Posted to commits@arrow.apache.org by ap...@apache.org on 2021/07/21 11:12:07 UTC

[arrow] branch master updated: ARROW-12007: [C++] Loading parquet file returns "Invalid UTF8 payload" error

This is an automated email from the ASF dual-hosted git repository.

apitrou pushed a commit to branch master
in repository https://gitbox.apache.org/repos/asf/arrow.git


The following commit(s) were added to refs/heads/master by this push:
     new 998f472  ARROW-12007: [C++] Loading parquet file returns "Invalid UTF8 payload" error
998f472 is described below

commit 998f4723976c3caa48bedbd4b432b531b842b89b
Author: Hideaki Hayashi <hi...@gmail.com>
AuthorDate: Wed Jul 21 13:10:23 2021 +0200

    ARROW-12007: [C++] Loading parquet file returns "Invalid UTF8 payload" error
    
    Judging from the comment "avoid spending time validating UTF8 data" with the setting of the false value to the cast_options.allow_invalid_utf8, it seems to me this was intended to be true rather than false.
    
    Also, this resolved the error I was getting through the arrow R package, which seems to be ARROW-12007.
    
    Closes #10759 from hideaki/cancel_unnecessary_utf8_check
    
    Authored-by: Hideaki Hayashi <hi...@gmail.com>
    Signed-off-by: Antoine Pitrou <an...@python.org>
---
 cpp/src/parquet/arrow/reader_internal.cc | 2 +-
 1 file changed, 1 insertion(+), 1 deletion(-)

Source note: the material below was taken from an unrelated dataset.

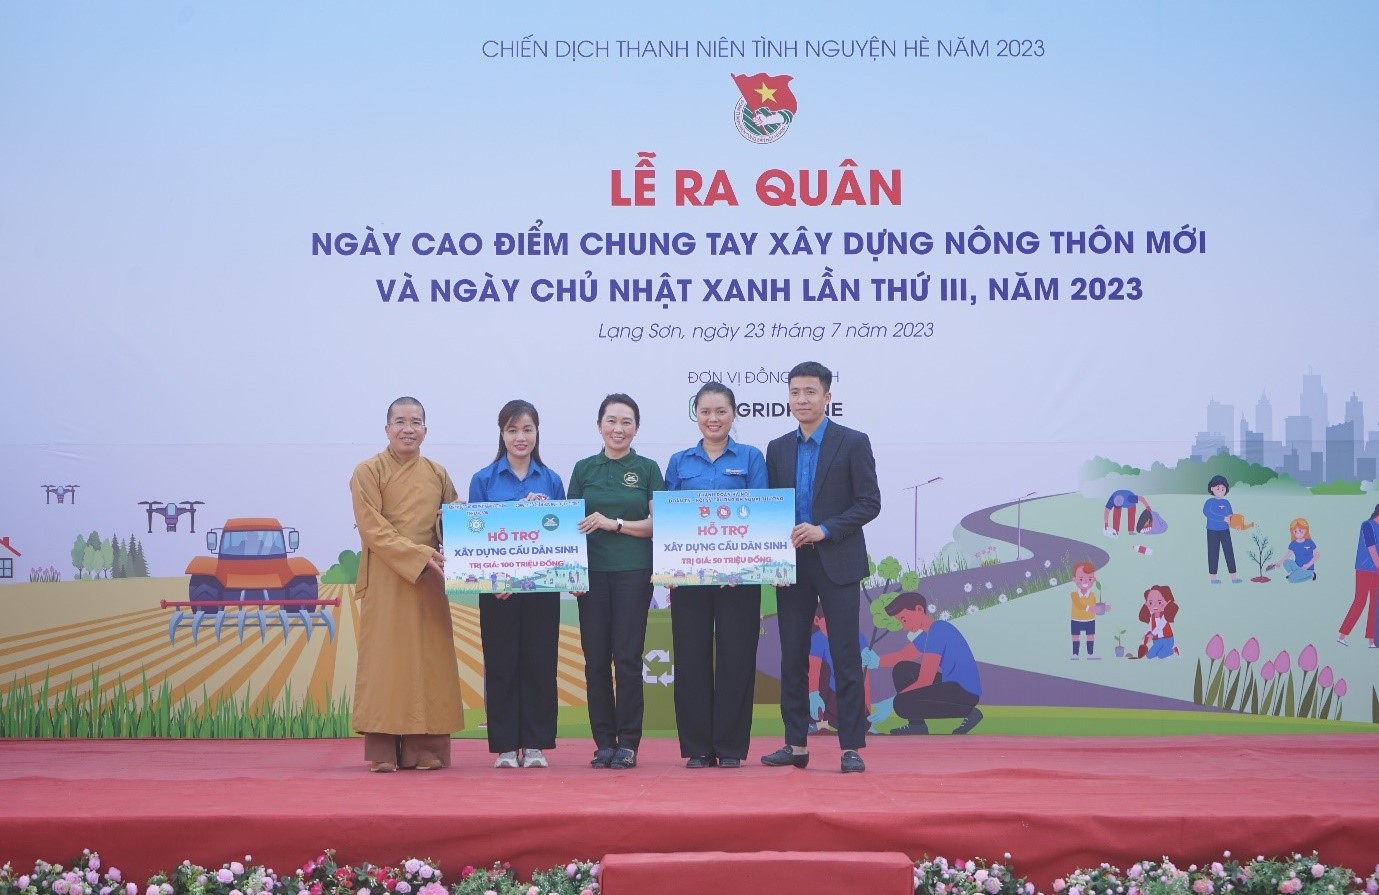 2/ Đại diện Công ty CP hữu nghị Xuân Cương trao ủng hộ xây dựng cầu dân sinh tại huyện Chi Lăng (Lạng Sơn)

diff --git a/cpp/src/parquet/arrow/reader_internal.cc b/cpp/src/parquet/arrow/reader_internal.cc
index 0ffa3e8..f136870 100644
--- a/cpp/src/parquet/arrow/reader_internal.cc
+++ b/cpp/src/parquet/arrow/reader_internal.cc
@@ -429,7 +429,7 @@ Status TransferBinary(RecordReader* reader, MemoryPool* pool,
   }
   ::arrow::compute::ExecContext ctx(pool);
   ::arrow::compute::CastOptions cast_options;
-  cast_options.allow_invalid_utf8 = false;  // avoid spending time validating UTF8 data
+  cast_options.allow_invalid_utf8 = true;  // avoid spending time validating UTF8 data
 
   auto binary_reader = dynamic_cast<BinaryRecordReader*>(reader);
   DCHECK(binary_reader);